またがんセンターのようながん専門病院では、重度の心臓病や糖尿病などの合併症を持っている患者さんの受入れを拒絶してきた経緯もある。

②がん医療の地域格差によるもの。他の地域の医療機関では可能な手術、放射線治療、抗がん薬治療、緩和ケアが受けられずに、望む治療を求めて患者さんが右往左往するようなケース。(愛知医科大学医学部教授で、国立がん研究センター理事長特任補佐である上田龍三氏の指摘)

③病状が急性期から慢性期へ移行して、他の施設へ移って欲しいと要請され、受け入れ先がなかなか見つからないケース。特定機能病院の承認を受けている大学病院などでは急性期の新患を診る必要があるため、そんな要請をされることがある。(東京慈恵医科大学病院で作家・上坂冬子氏を担当した医師、猿田雅之氏と井上大輔氏が雑誌対談で指摘)

また長期入院により診療報酬がカットされるのを嫌う医療機関から、受け入れ先の有無に関わらず退院を勧告される場合がある。一時的に受け入れ先が見つかったとしてもその繰り返しで、数度の転院を余儀なくされる例もかつては多数みられた。

④病状説明や治療方針の選択で医師に不信感を抱き、患者さん自らが自分の考えに合った医療機関を求めて探し回るケース。

他にもあるだろうが、以上が典型的なケースといってよいだろう。一時メディアを中心にがん難民が生まれる要因のすべてを医療者(医師)側に帰する論調があったが、それは医療者にとっては酷な話だ。上記典型例の背後をよく見ればわかるはずで、むしろそのような狭窄的な見方が医療への不信感をあおり、かえってがん難民の発生を助長していたようにも思える。

その昔、がん難民はいなかった?

次々に抗がん薬を使っていき、使える薬がなくなってしまうとき、現実よりも期待が上回っているとき、がん難民が生まれる

「抗がん薬のない時代、がん難民はいなかった」

虎の門病院臨床腫瘍科部長で、日本臨床腫瘍学会がん薬物療法専門医部会長を務める高野利実さんは、独得の見方を提示する。

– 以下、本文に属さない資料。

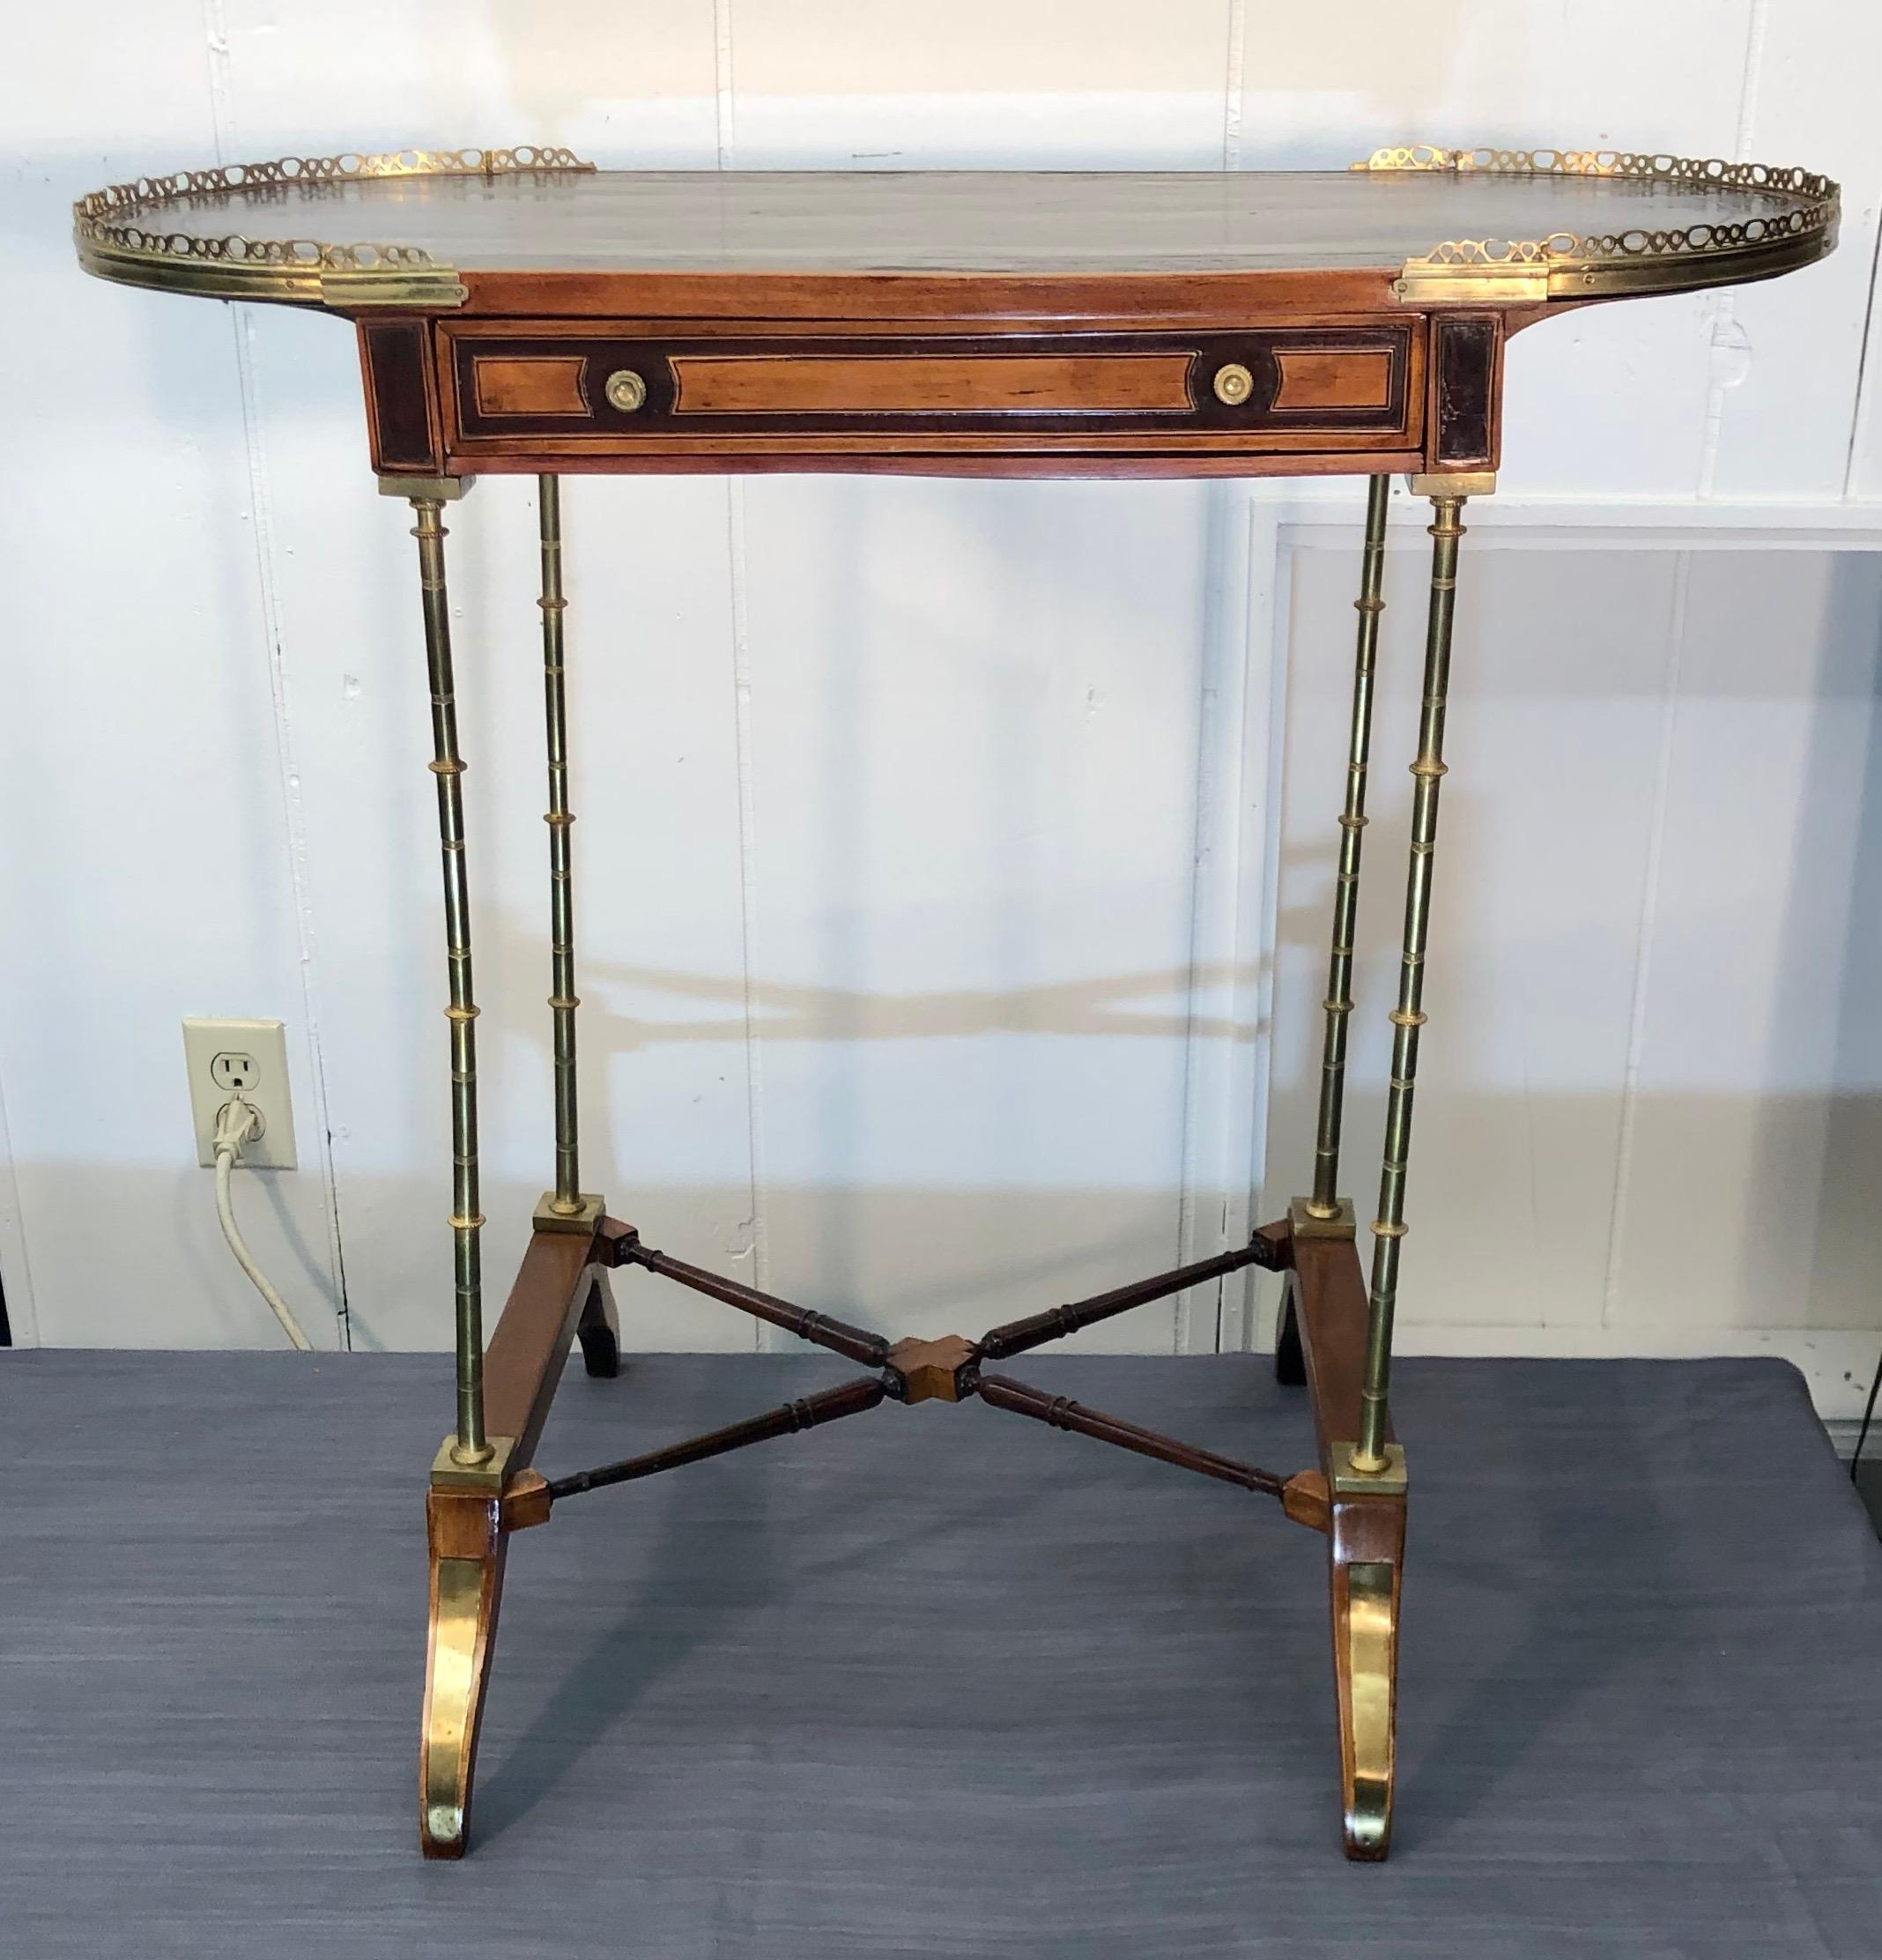 This Neoclassical Table is made by the preeminent maître-ébéniste (master cabinetmaker) Adam Weisweiler (1744 - 1820). The Sophisticated Neoclassical Work Table is finished on both sides with satinwood and mahogany veneers. The writing surface has a

抗がん薬治療が登場したのは20世紀の半ばで、それ以前にはがん難民などいなかった、というのである。

抗がん薬治療の草創期はその効果は脆弱で、がん医療の中での役割は限定的なものだった。だが1990年代頃より、効果を増強した新薬が次々と開発され、患者さんの生命予後の改善に大きく貢献するケースが次第に増えてきた。それに伴い抗がん薬に対する患者さんの期待も大きく膨らんできた。

1つの抗がん薬が使えなくなっても次の抗がん薬がある、それが使えなくなってもそのまた次の薬がある。だがやがてそれも尽きるときがくる。そのとき現実よりも期待が上回っていれば、がん難民が生まれるのである。

もし私たちの抗がん薬への期待がそれほど大きくなければ、治療がなくなったとしてもそれを自然な流れと受け止めることができ、治療を求めてさまよい歩くようなことはない。治療への過剰な期待は、がん難民化のリスクと隣り合わせの状態でもあった、ということであろう。